- Pitt-Taylor in 1920
- Born: 30 August 1878 Kensington, London, England
- Died: 22 November 1950 (aged 72) Barscobe, Castle Douglas, Scotland
- Allegiance: United Kingdom
- Branch: British Army
- Service years: 1895–1939
- Rank: General
- Commands: Western Command, India; 3rd Division; 5th Infantry Brigade; 17th Indian Infantry Brigade; 145th Infantry Brigade;
- Conflicts: Second Boer War; First World War;
- Awards: Knight Commander of the Order of the Bath; Companion of the Order of St Michael and St George; Distinguished Service Order;

= Walter Pitt-Taylor =

British Army general

General Sir Walter William Pitt-Taylor, (30 August 1878 – 22 November 1950) was a British Army officer who commanded the 3rd Infantry Division from 1932 to 1934.

==Military career==
Pitt-Taylor was commissioned into the Army Militia as a second lieutenant in the 5th Battalion of the Rifle Brigade (The Prince Consort's Own) on 4 December 1895. He transferred to the regular army as a second lieutenant in the 1st Battalion on 18 October 1899, as the battalion was sent to South Africa to serve in the Second Boer War. They were part of the force sent to relieve Ladysmith, and as such he took part in the battles of Colenso (December 1899), Vaal Krantz and the Tugela Heights (February 1900). He was promoted to lieutenant on 1 August 1900, and served in Natal and in the Transvaal, staying in South Africa throughout the hostilities, which ended with the Peace of Vereeniging on 31 May 1902. For his service in the war, he was awarded the Distinguished Service Order (DSO).
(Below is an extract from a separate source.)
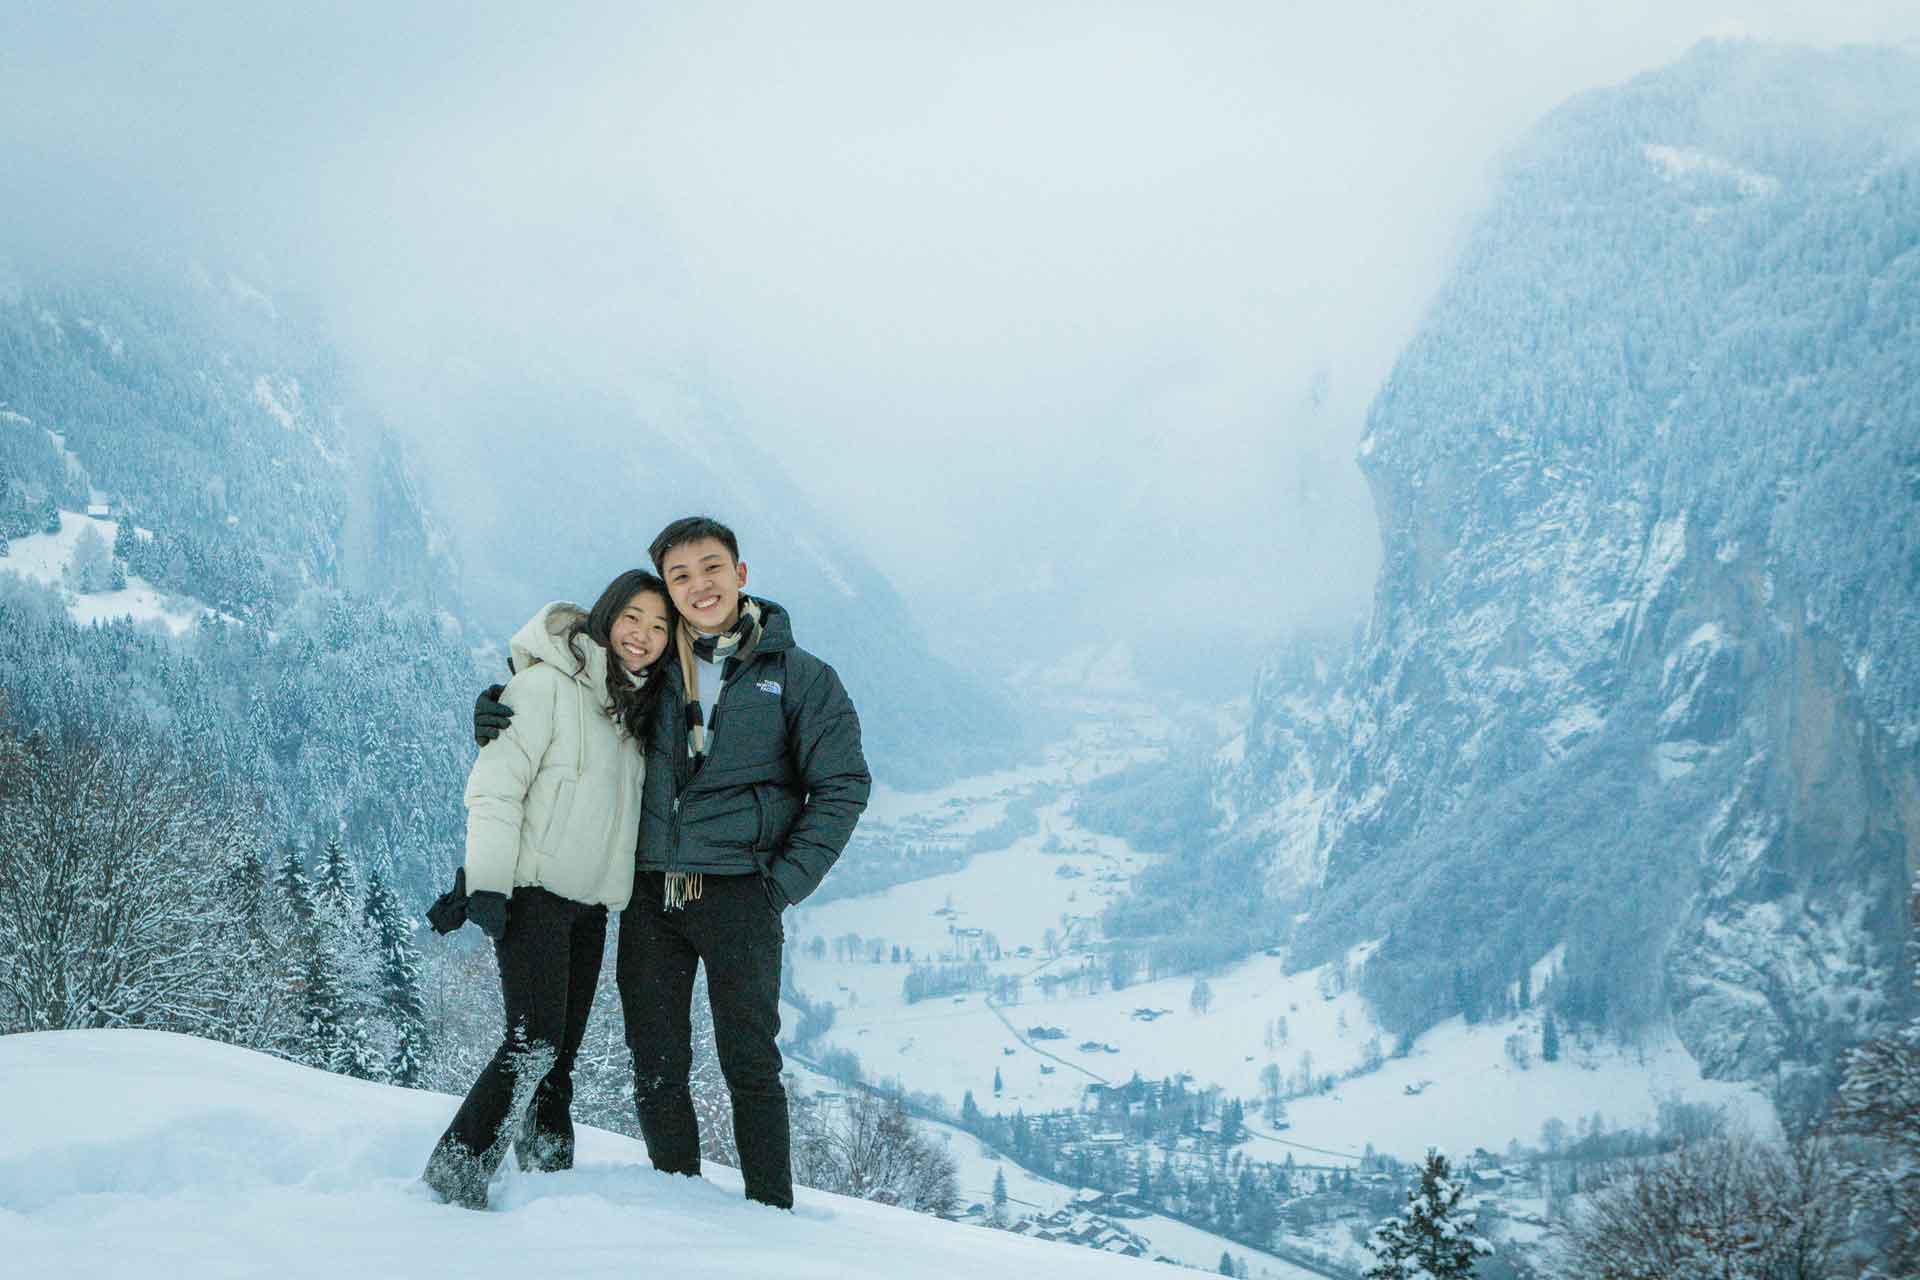 Photographer Lauterbrunnen Surprise Engagement In The Snow

Following the end of the war, Pitt-Taylor left Cape Town with other men of the battalion on the SS Orissa, which arrived at Southampton in late October 1902, when the battalion was stationed at Portsmouth.

Pitt-Taylor fought in the First World War, from April 1915 as a brigade major, and latterly as commander of the 145th Infantry Brigade and then as chief of staff for XIV Corps.

After the war he became Military Assistant to the Chief of the Imperial General Staff. He was appointed Director of Military Operations in India in 1920, commander of the 17th Indian Infantry Brigade in circa 1922 and commander of the 5th Infantry Brigade in 1925. He went on to be Director of Recruiting & Organisation at the War Office in 1929, and received a promotion on 1 January 1929 to major general.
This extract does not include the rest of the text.